Amnesty International souhaite réagir à la suite des informations parues dans la presse au sujet des déclarations du ministre nigérian des Affaires étrangères, Olugbenga Ashiru, qui prétend qu’Amnesty International a présenté des excuses pour des erreurs factuelles concernant son rapport de 2012 sur des violations des droits humains commises par les forces de sécurité nigérianes.

Amnesty International est extrêmement déçue par ces commentaires du ministre. Le gouvernement devrait faire la preuve de ses engagements à l’égard des droits humains en enquêtant sur les allégations crédibles et sérieuses de violations des droits humains perpétrées par ses forces de sécurité.

Amnesty International ne revient pas sur les conclusions de son rapport Trapped in the cycle of violence rendu public en novembre 2012.

Amnesty International n’a jamais – ni publiquement ni en privé – présenté d’excuses pour quelque information que ce soit présentée dans ce rapport et elle maintient à 100 % son travail de recherche, ses conclusions et ses recommandations.

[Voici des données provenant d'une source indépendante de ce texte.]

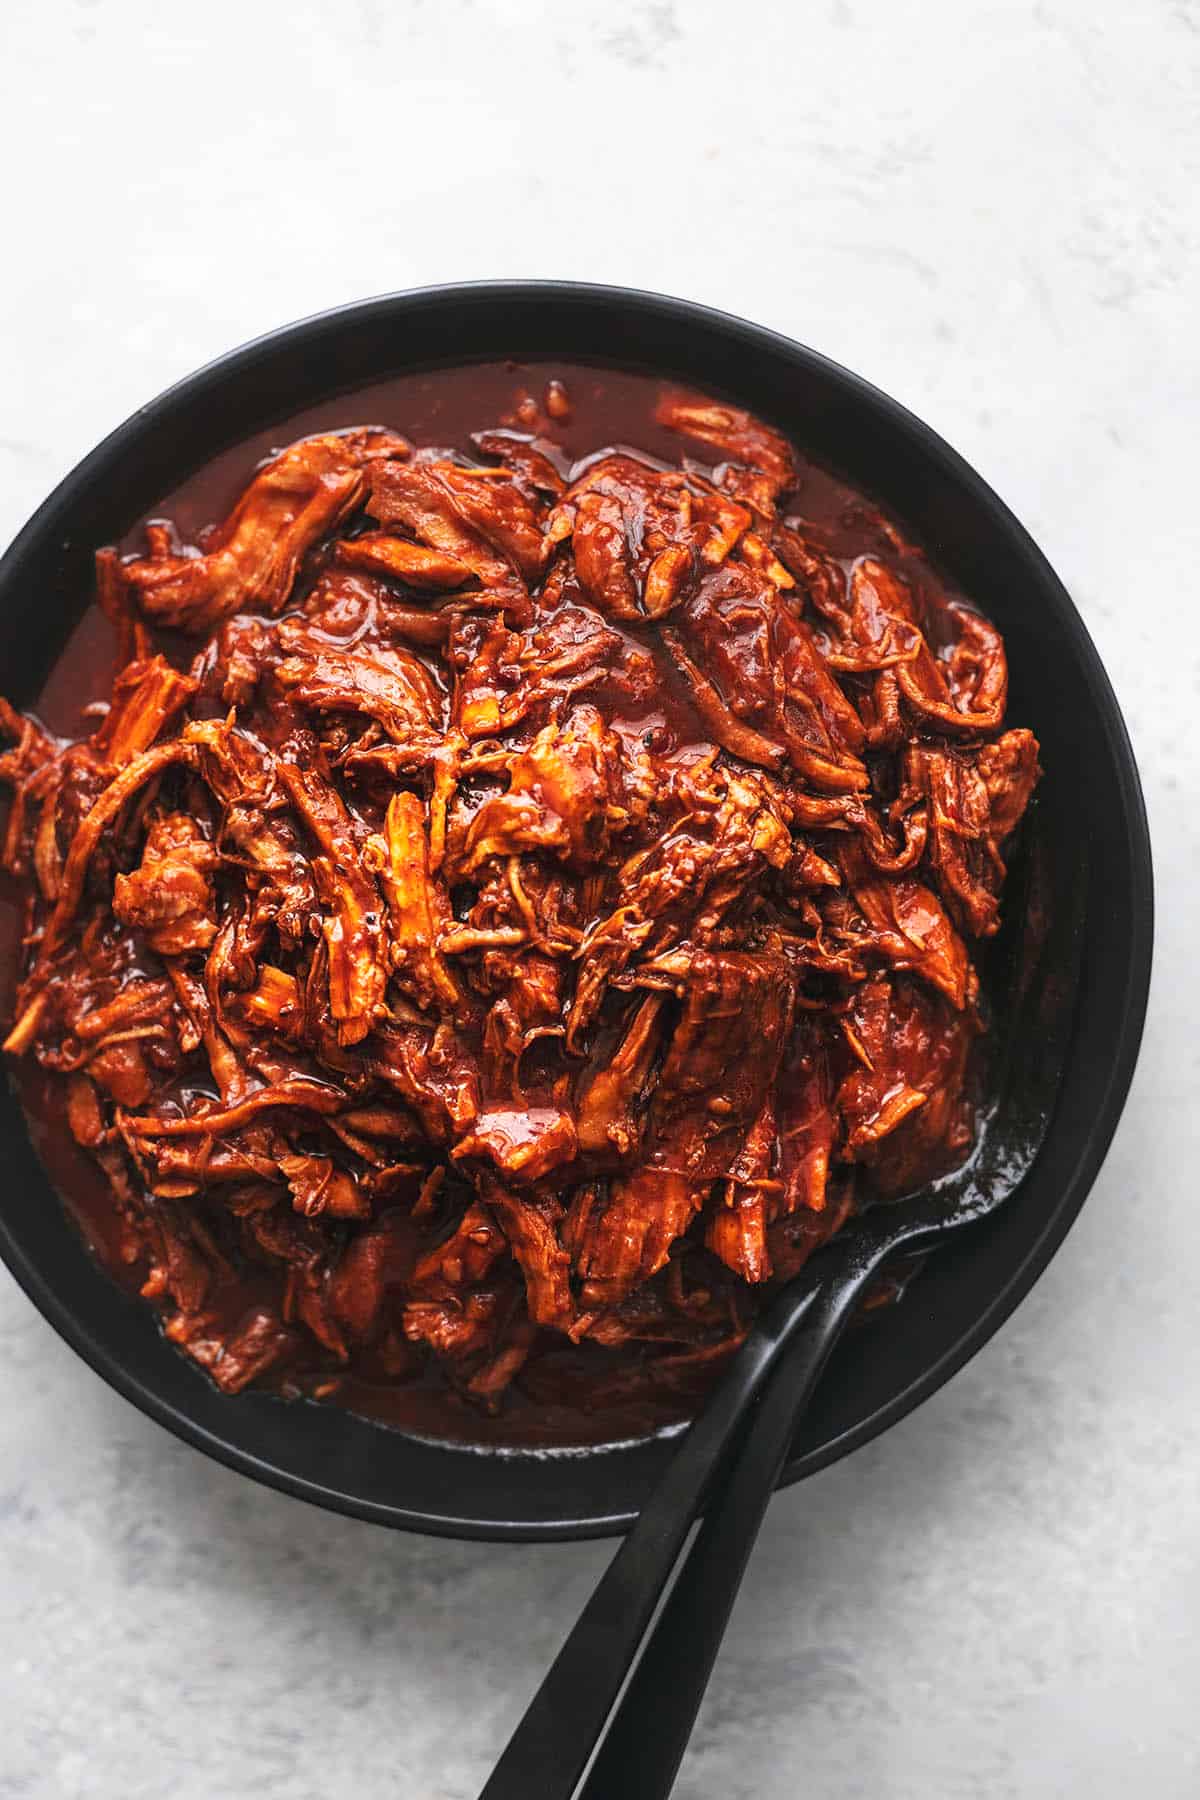 top view of pulled pork with forks on a plate.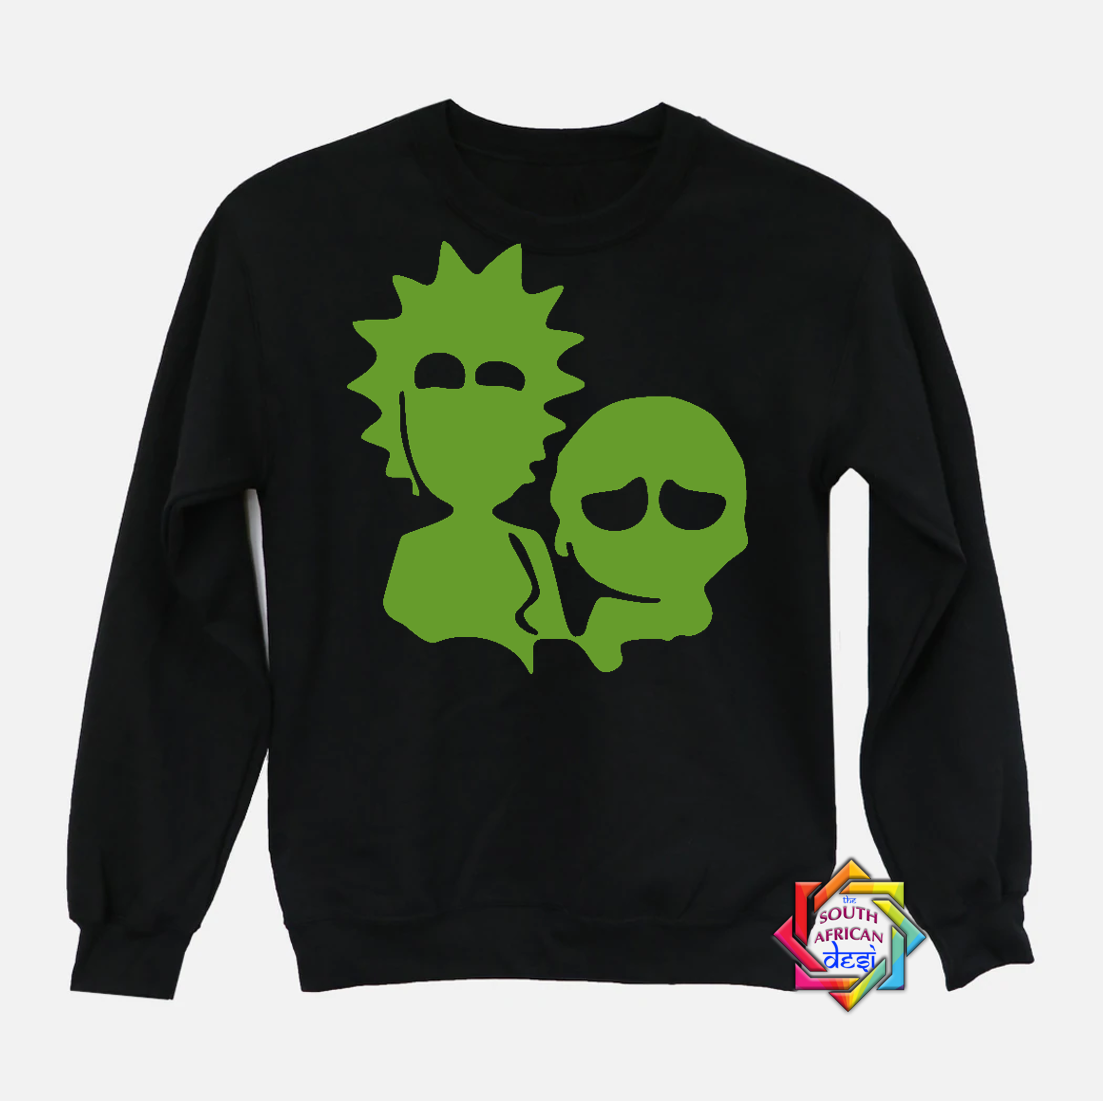 RICK AND MORTY | RICK AND MORTY HOODIE/SWEATER | UNISEX

Lors d’une réunion avec le procureur général à Abuja au début de ce mois, Amnesty International a réitéré ses préoccupations au sujet des graves violations des droits humains commises par les forces de sécurité nigérianes et elle a reçu du gouvernement l’assurance qu’il était en train de mener une enquête.

Amnesty International avait déjà publié au moment du lancement du rapport une déclaration pour répondre aux critiques du gouvernement à son sujet, consultable à l’adresse

http://www.amnesty.org/fr/library/asset/AFR44/048/2012/fr/48915321-5e73-427d-bd24-774e6f543c6b/afr440482012fr.html .

Amnesty International envisage depuis des années d’ouvrir un bureau au Nigeria afin d’y accroître l’impact et la portée de son travail et afin de travailler plus étroitement avec ses membres, sympathisants et militants dans ce pays. Ce travail est en cours et bien qu’Amnesty International ait indiqué aux autorités que telle est son intention, aucune démarche officielle n’a pour l’heure été menée en ce sens.